Le synode, chargée d'étudier les grandes questions doctrinales depuis 1965, est animé par des "pères synodaux" (évêques ou cardinaux) ayant le droit de vote. Il compte en outre des auditrices et des expertes, sans droit de vote. Religieuse de la congrégation des Xavières, Nathalie Becquart, 52 ans, était depuis 2019 "consultrice". La diplômée d'HEC, étudiante en théologie, philosophie et récemment spécialisée en ecclésiologie, décrit sa mission comme "un travail d'équipe de direction" pour préparer ce prochain rendez-vous de débats et de réflexions dans huit mois. "On ne va pas manquer de travail : la tâche est devant nous", plaisante-t-elle. "Le but d'un synode, c'est d'arriver à un consensus, de créer de la communion", rappelle-t-elle. "Donc, en fait, le vote n'intervient qu'à la fin.
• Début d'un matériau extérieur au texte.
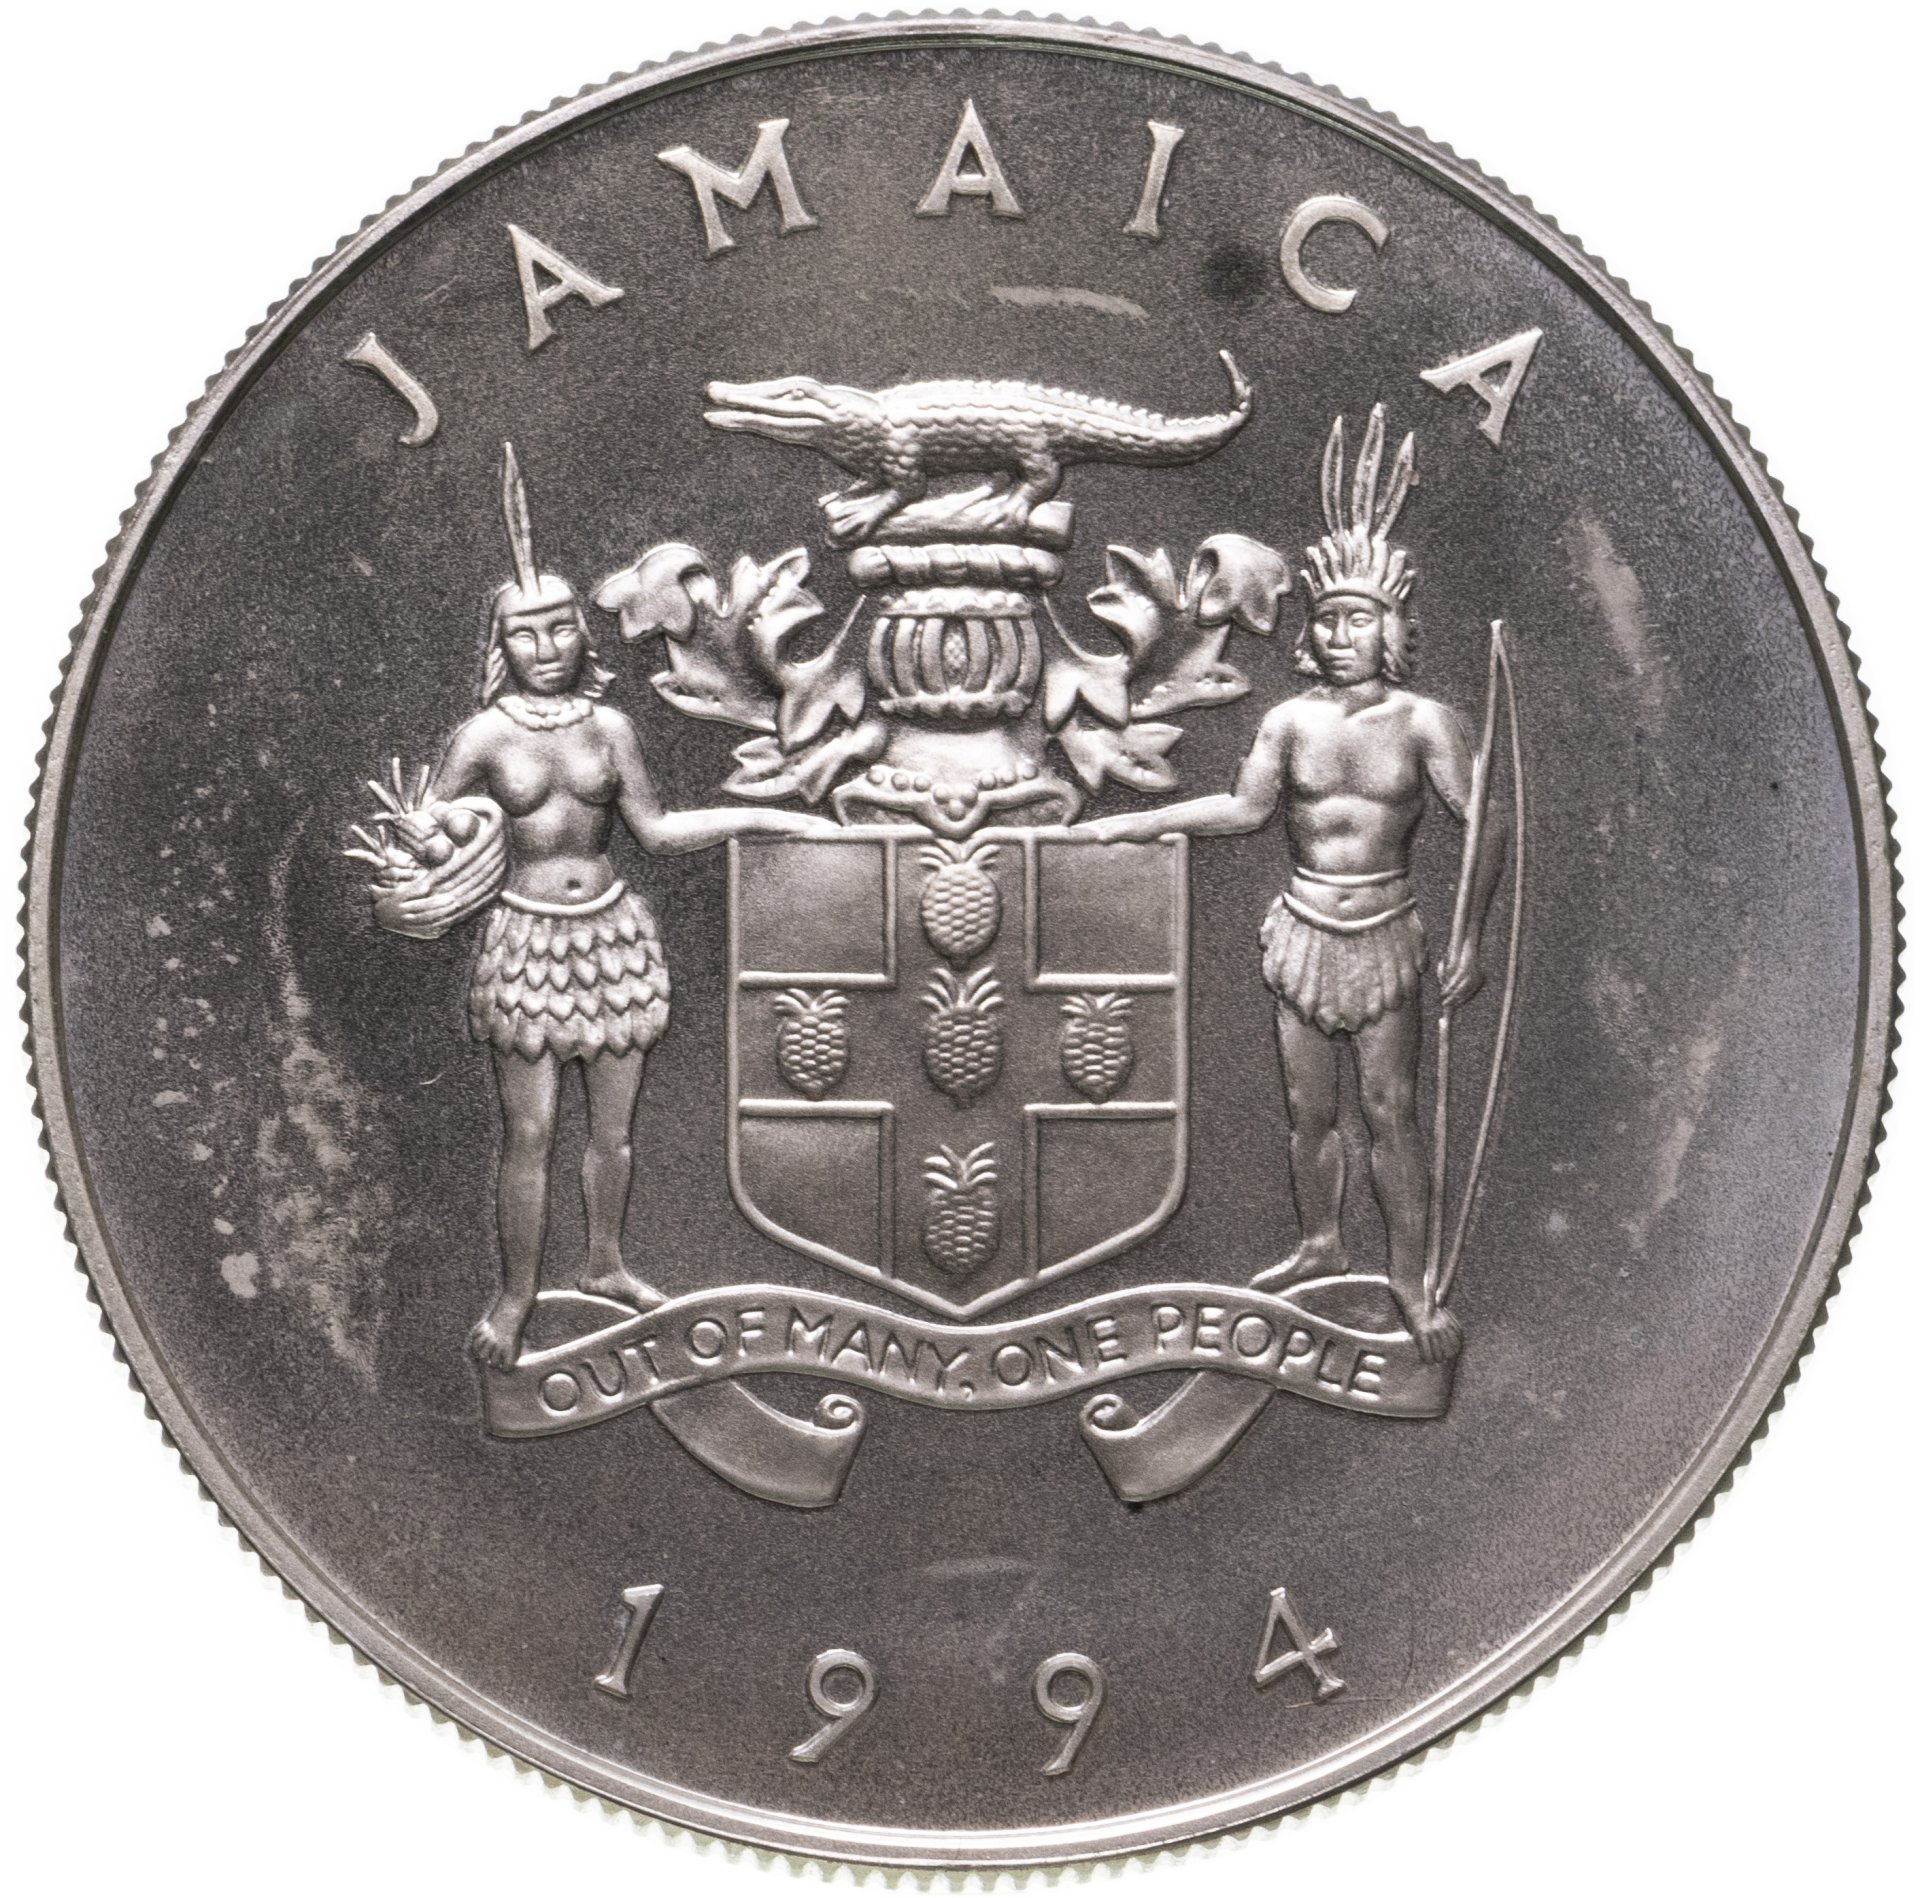 3 25 долларов. Ямайка 5 долларов, 1994-2018. Науру 10 долларов 1994 Королева. Бермуды 2 доллара, 1994 морской конек.
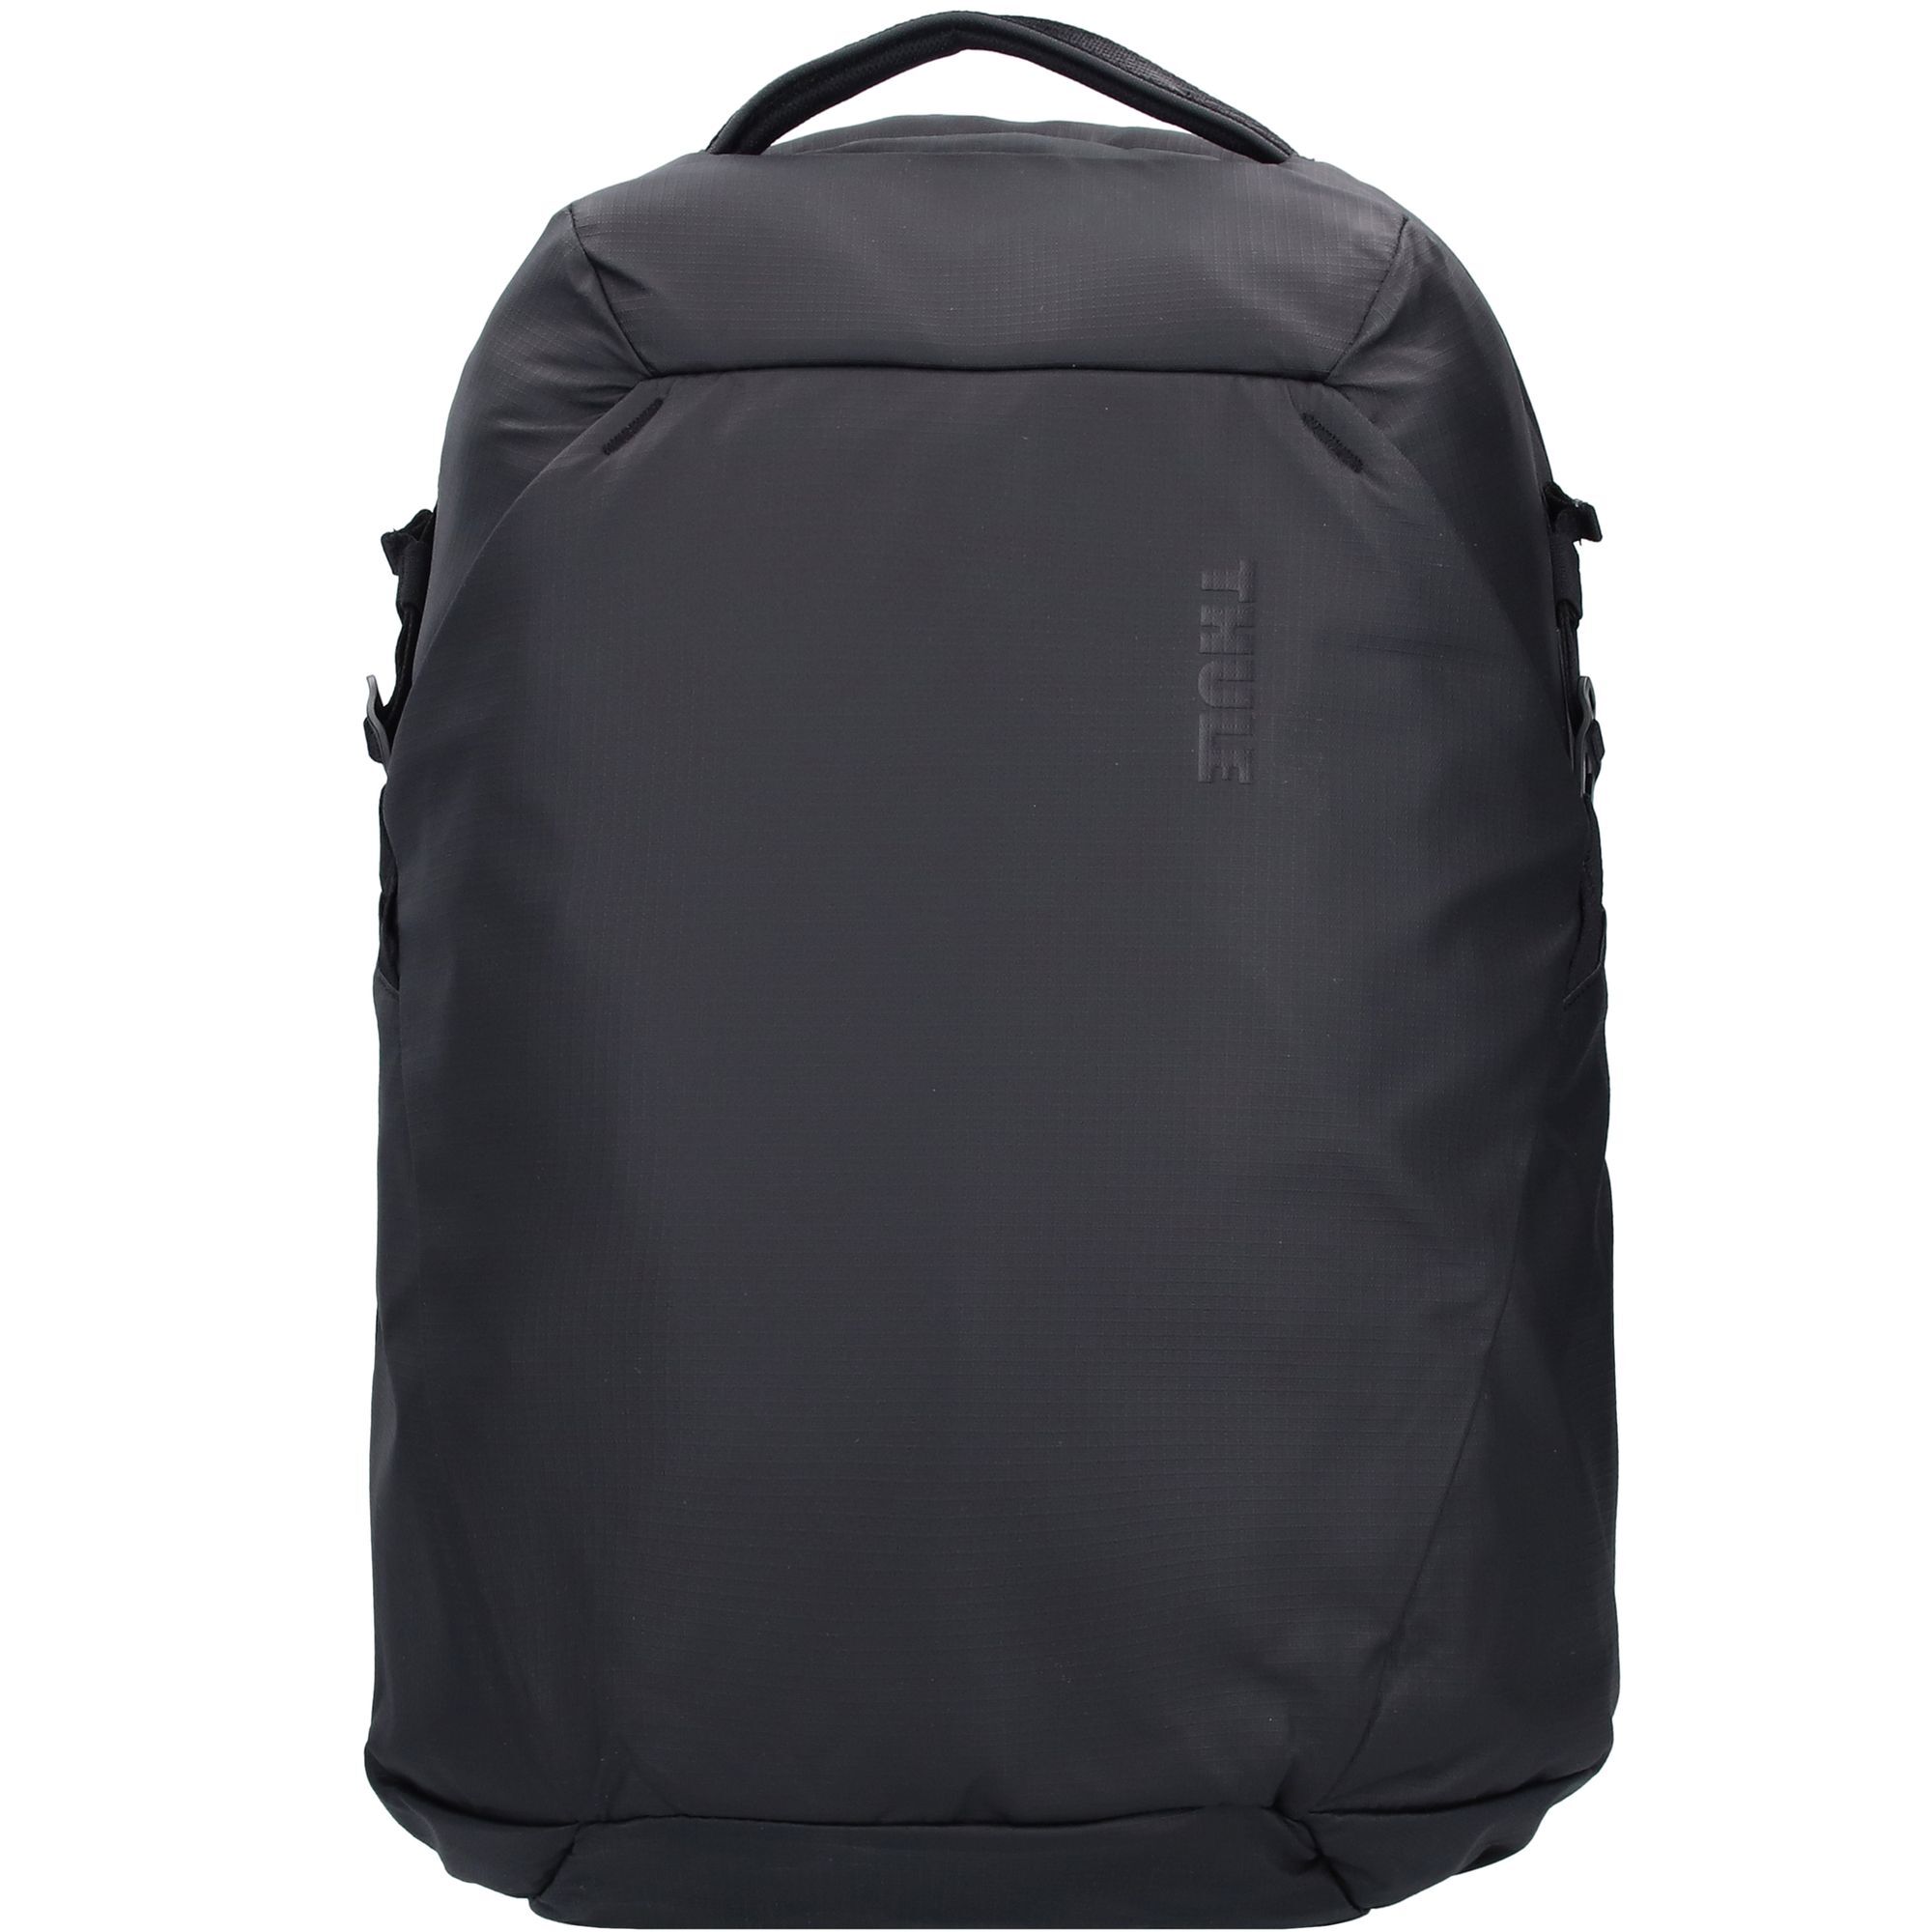 Рюкзак Thule Tact 45 cm Laptopfach, черный рюкзак thule notus 45 cm laptopfach цвет dense teal

Si le processus a bien fonctionné, quasiment tout est voté à l'unanimité à la fin"

Elle a dirigé en France le Service national pour l'évangélisation des jeunes et des vocations de la Conférence des évêques de France de 2012 à 2018 et publié plusieurs essais  dont Religieuse, pourquoi? Cette vie en vaut la peine et C'est maintenant le temps favorable – Cinq regards de femmes sur la crise.

Cette prochaine assemblée consacrée justement à la "synodalité", pluralité de réalité dans l'Eglise, devrait permettre l'évocation de ces ouvertures au sein de l'institution catholique, notamment vis-à-vis des femmes. Un désir porté et exprimé par le pape François, assure la nouvelle sous-secrétaire du synode des évêques. "Il fait un certain nombre de gestes. Maintenant, les changements de mentalités, la conversion des manières de fonctionner dans bien des lieux, ça prend du temps. Il s'agit de continuer à chercher ensemble des chemins qui vont permettre ce respect mutuel, cette égalité et surtout ce travail commun. Je crois qu'aujourd'hui, en particulier en temps de crise, c'est la diversité qui va nous permettre de trouver les chemins."